Re: [AMBER] cpptraj: structures not aligned anymore after 'run' keyword

From: Daniel Roe <>
Date: Thu, 15 Jan 2015 09:24:30 -0700


Jason explained things really well. One other item of interest is that
you can also create COORDS data sets from a run (i.e. with 'trajin'
statements etc) using the createcrd command.
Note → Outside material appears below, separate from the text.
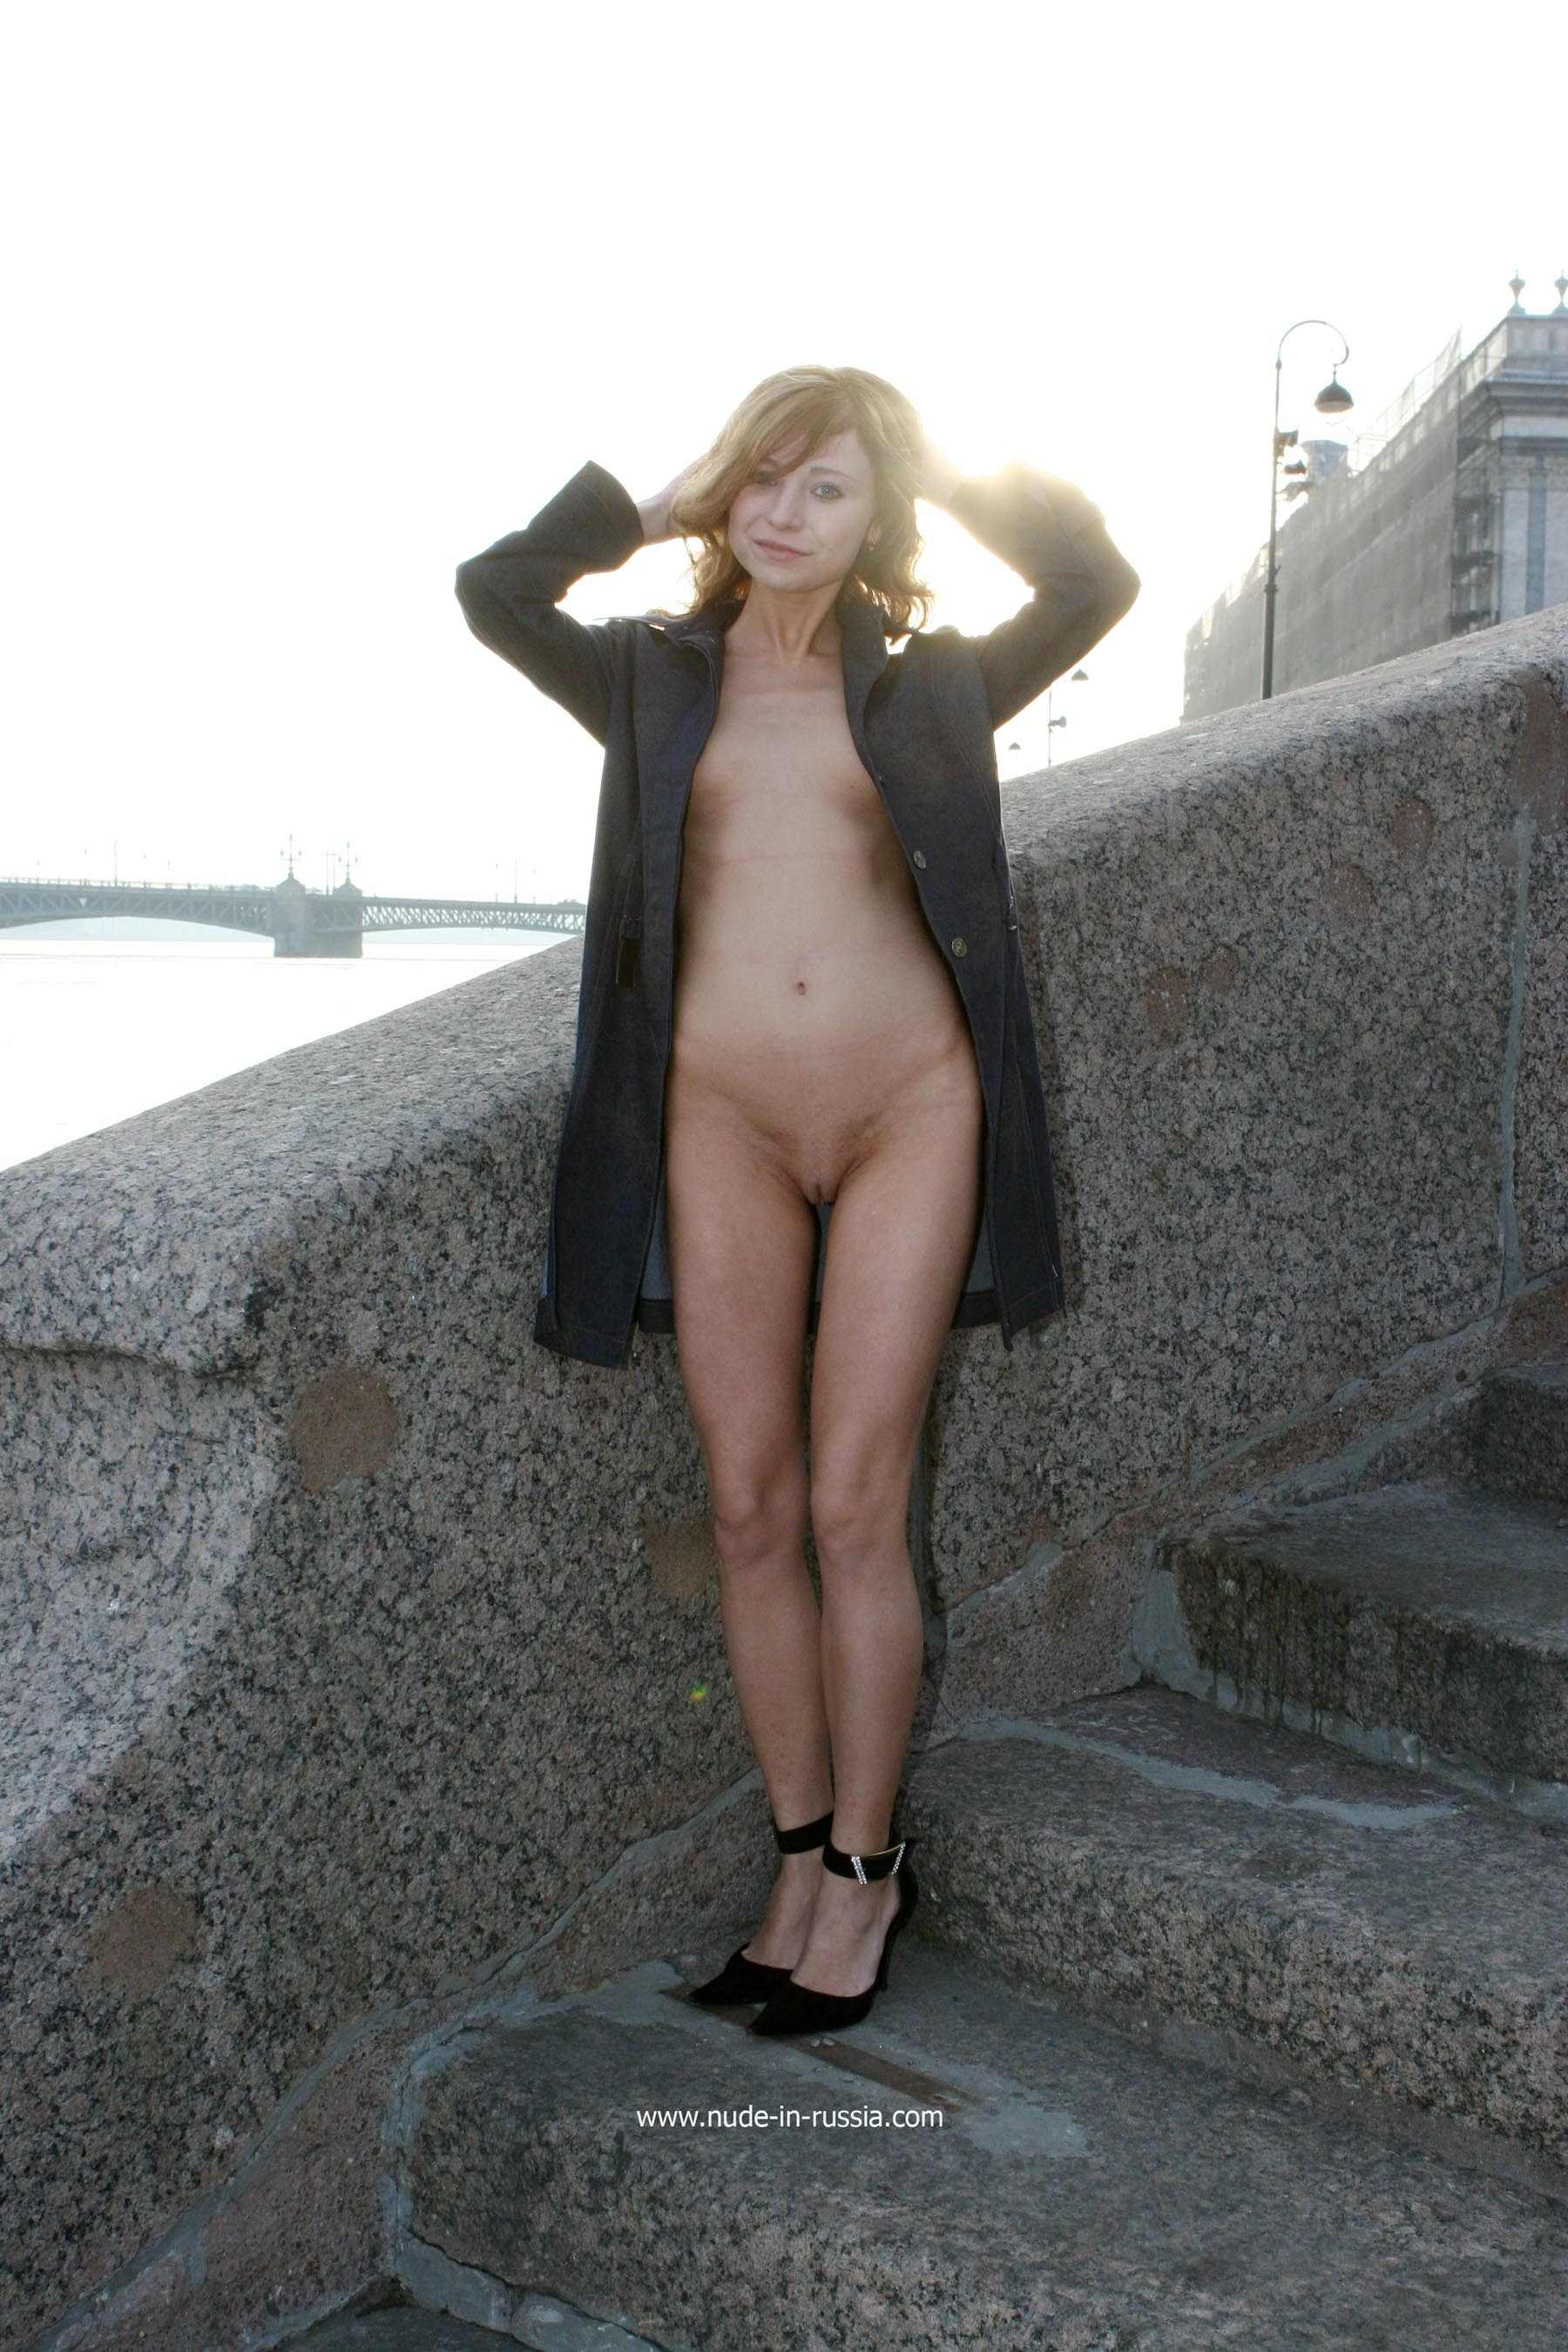 Sex Anna Park Nude Pics

This allows you do things
like create the average structure and save the coordinates for later
use in a single run, e.g.

# Rms fit to first and create average structure
parm myparm.parm7
rms :1-7&!.H= first
average avgstruct.rst7
createcrd MyCrd
# Now read average structure back in as reference.
# Note the '.1' suffix
reference avgstruct.rst7.1 [avg]
# Fit frames to average structure
crdaction MyCrd rms ref [avg] :1-7&!.H=
# Calculate and diagonalize covariance matrix
crdaction MyCrd matrix covar :1-7&!.H= name myCovar
runanalysis diagmatrix myCovar out evecs.dat vecs 5 name myEvecs
# Now create projections
crdaction MyCrd projection P1 modes myEvecs beg 1 end 5 :1-7&!.H=

Hope this helps as well,


PS - Your message (and Jason's response oddly enough) did indeed get
sent to my Gmail spam folder - I need to check that more often...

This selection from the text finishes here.